Begitu juga institusi Kejaksaan. Diakui atau tidak, fakta yang berkembang dan “hidup” dalam pandangan masyarakat, kepercayaan dan rasa hormat masyarakat kepada institusi kejaksaan kini sudah semakin luntur. Banyak kasus sebagai pemicunya. Initinya adalah, menyangkut kredibelitas aparat kejaksaan sendiri. Balada Jaksa UTG yang tertangkap tangan menerima suap dalam kasus Tipikor Samsul Nursalim melalui Artalita, hanya salah satu contoh yang merobek-robek rasa keadilan masyarakat.
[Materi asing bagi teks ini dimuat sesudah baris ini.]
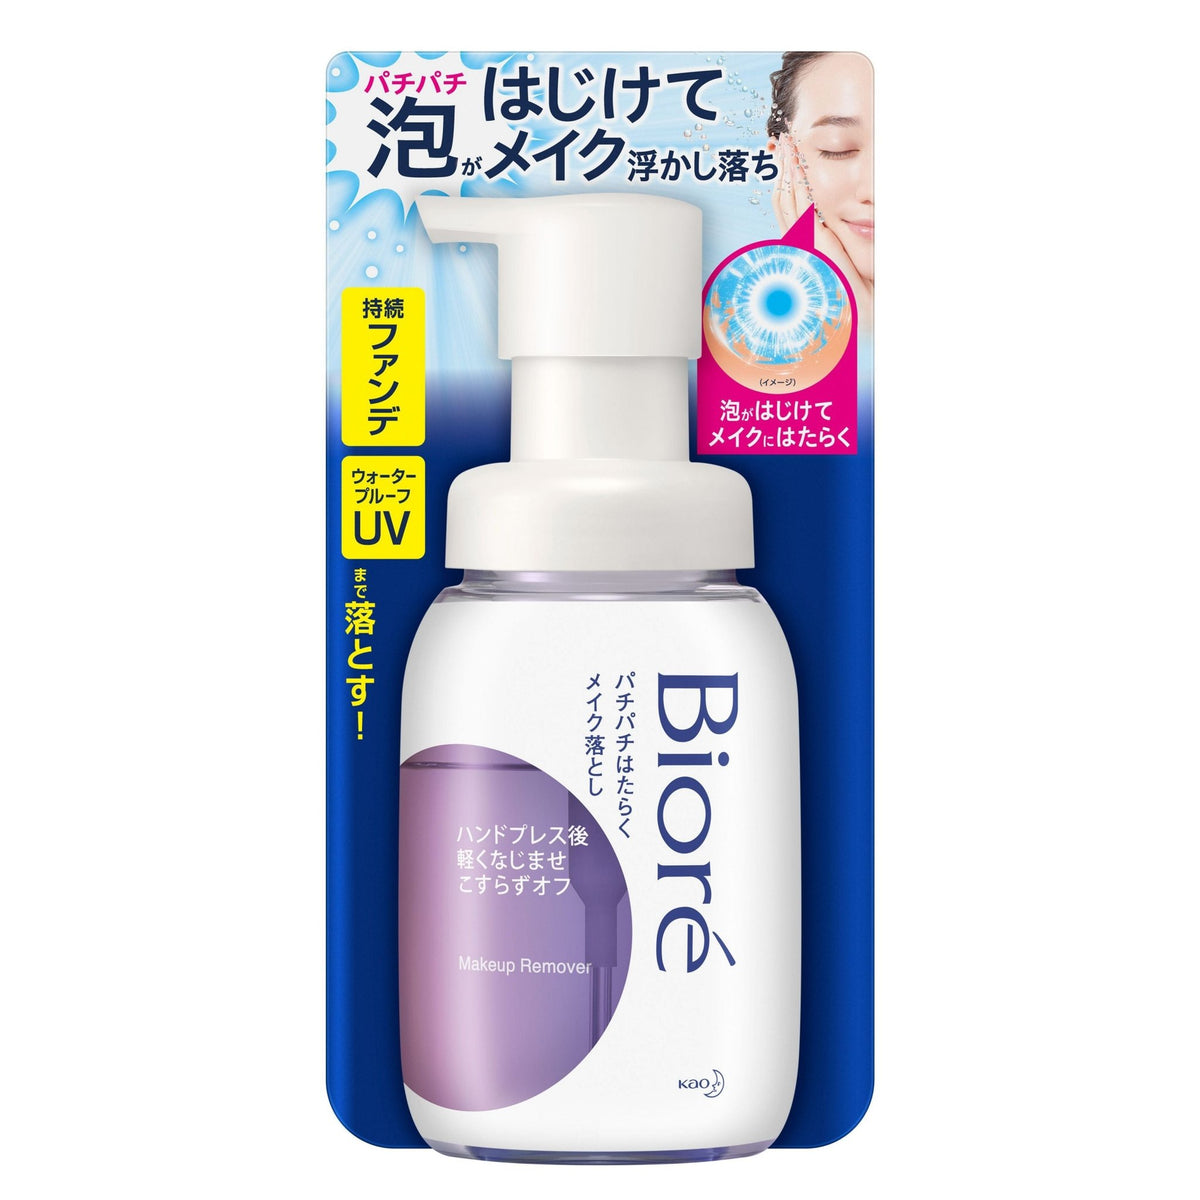 Biore Crackle Makeup Remover - Biore | Kiokii and...

Kisah-kisah sumbang tentang masih adanya oknum jaksa-jaksa “nakal” membikin muak masyarakat dan membikin publik semakin tidak bersimpati kepada institusi ini. Kali ini, pemicunya justru percakapan yang diduga terjadi antara oknum petinggi Kejaksaaan Agung dengan Anggoro dalam kasus yang akirnya dinilai sebagai rencana besar mengkriminalisasi KPK.

Pembentukan Tim Pencari Fakta yang diketuai Adnan Buyung Nasution dalam konteks perkara dugaan kriminalisasi KPK, jangan harap akan membuahkan hasil maksimal dalam bentuk pulihnya kepercayaan dan rasa hormat masyarakat kepada Polri dan Kejaksaan, jika tidak ditindak lanjuti dengan reformasi total dua institusi penegakan hukum tersebut. Apalagi TPF hanya melulu mencari fakta dan tidak dilengkapi kewenangan menjatuhkan sanki, kecuali hanya rekomendasi/saran kepada Presiden.

Belum lagi jika Pembentukan Tim Pencari Fakta yang dilakukan oleh Presiden ini, hanya sekedar “banyolan politik” yang sengaja dilontarkan oleh Presiden untuk meredam radikalisme masyarakat. Agar seolah-olah Presiden benar-benar telah melakukan sebuah tindakan kongkrit dalam polemik ini. Sehingga jika Tim Pencari Fakta ini gagal, masyarakat yang sudah terlukai ini tidak menyerang Presiden. Melainkan berbalik menyalahkan Tim Pencari Fakta.

Karena itu, rasanya teramat berat memulihkan kepercayaan dan rasa hormat masyarakat kepada polri serta kejaksaan tanpa langkah serius dan kongkrit mereformasi dua institusi tersebut.